Been fishing Lake Audubon almost exclusively the past month - been pretty darn good all the way up to the last time out (lost some nice ones but plenty of dinks). I'm getting tired of hearing about Lake X, Y, and Z pulling out BIG perch this winter so I'm going to start moving around.

Seems a little quiet in here but I know people are fishing, how's it been?


----------



## blhunter3 (May 5, 2007)

I haven't been out, but my grandfather and his friends have been out alot. So with all the old people that come to the shop I hear alot.

It seems that just about every slough with fish in it, the fish are biting pretty good. Mainly pearch, and walleyes right as the sun goes down. Nice pearch too, that I have cleaned.

The northerns have been biting at a few lakes, but nothing of size the way it sounds.


----------



## drjongy (Oct 13, 2003)

Lake of the Woods has been on fire this year for us. Probably the best fishing we've had in 4 years. Lots of really nice size saugers instead of always catching the bucket stretchers.


----------



## papabearsr (Dec 26, 2011)

you guys are killing me I need ICE it is like 45 here 
papabear


----------



## dpx814 (Apr 13, 2005)

I've been up to Lake of the Woods on the MN side for the last two weekends. The first we limited out right away the first day and last weekend we averaged about 4 good keepers between 6 of us. We're fishing out of Birch Beach by Long Point and have had great sucess catching Sauger and Walleye and the occasional Perch which is kind of rare for our location. The afternoon bite has been the best for us starting to pick up around 3 in the afternoon and cooling off a little after sunset in about 32' of water. 
This weekend, I'm going to try my luck a little closer to home at Fordville Dam. 
With this great weather I'd love to be sitting on the ice now!


----------



## blhunter3 (May 5, 2007)

The sloughs are heating up with jumbo pearch.
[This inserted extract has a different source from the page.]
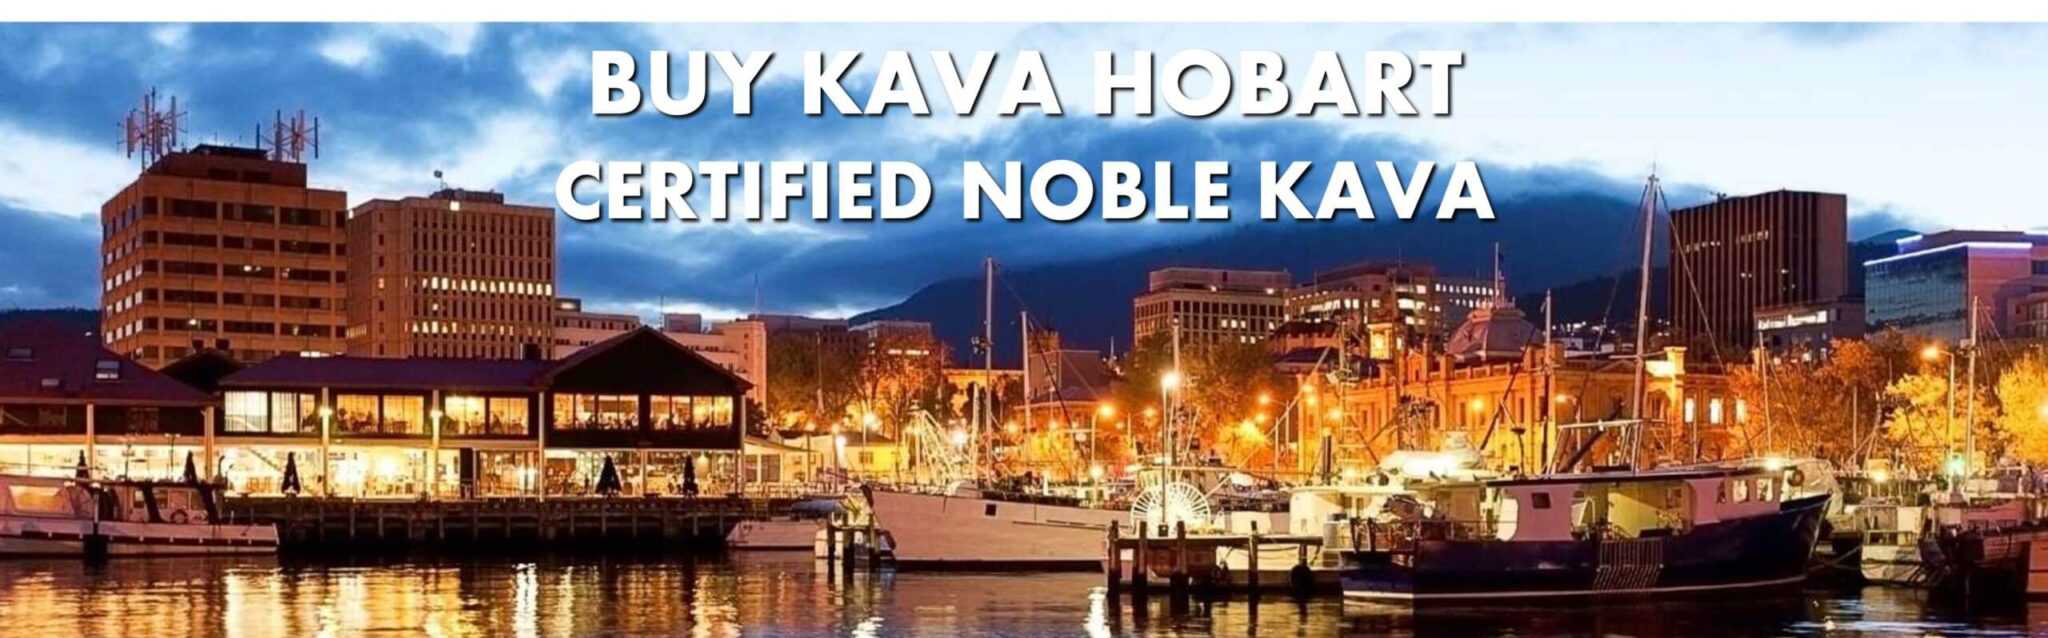 Buy-Kava-Hobart, Waterfront night scene in Hobart Tasmania with caption Buy Kava Hobart Certified Noble Kava
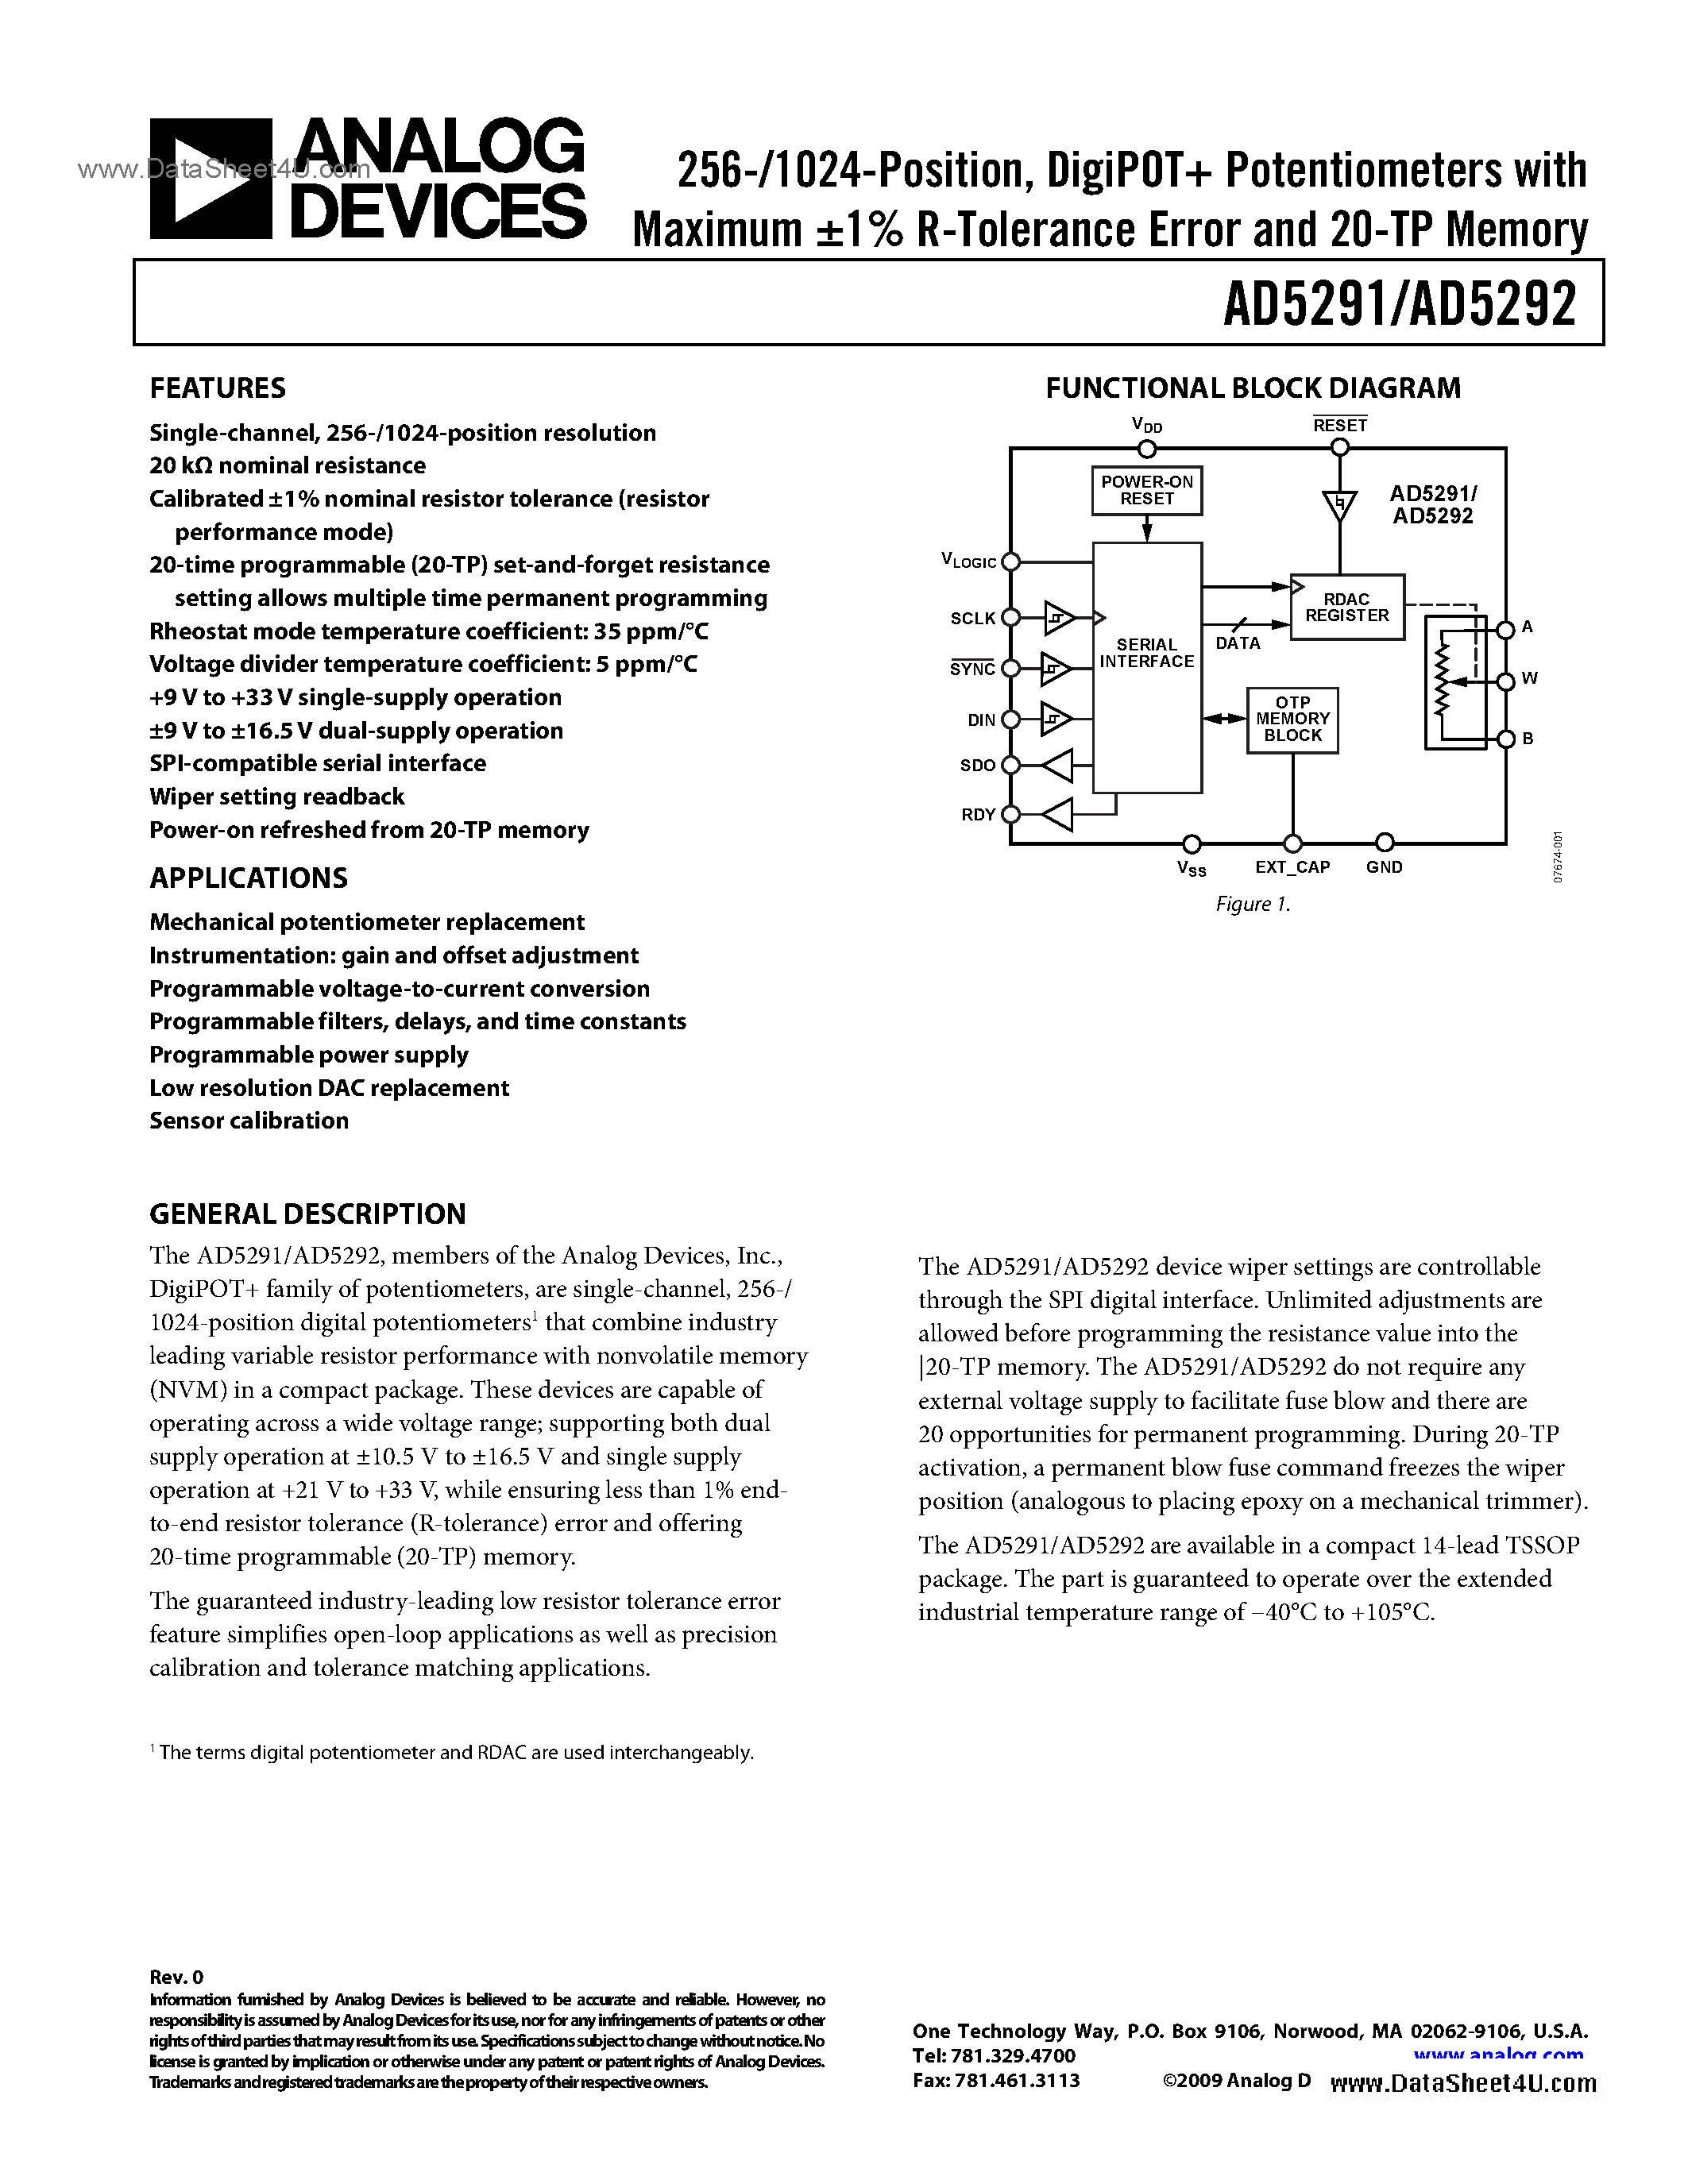 Даташит AD5291 - (AD5291 / AD5292) Digital Potentiometer страница 1

Been Cleaning alot of 10-14 inch pearch.


----------



## ndgooseslayer (Jul 26, 2007)

Around x-mas it was pretty hot. Perch were hitting hard and there were alot of monster fish coming out. After xmas it slowed down quite a bit and it's hit or miss now. One day you'll go out and have a pretty good day..the next day is real quiet. There have been a few lakes around here where the walleye bite has been coming on.


----------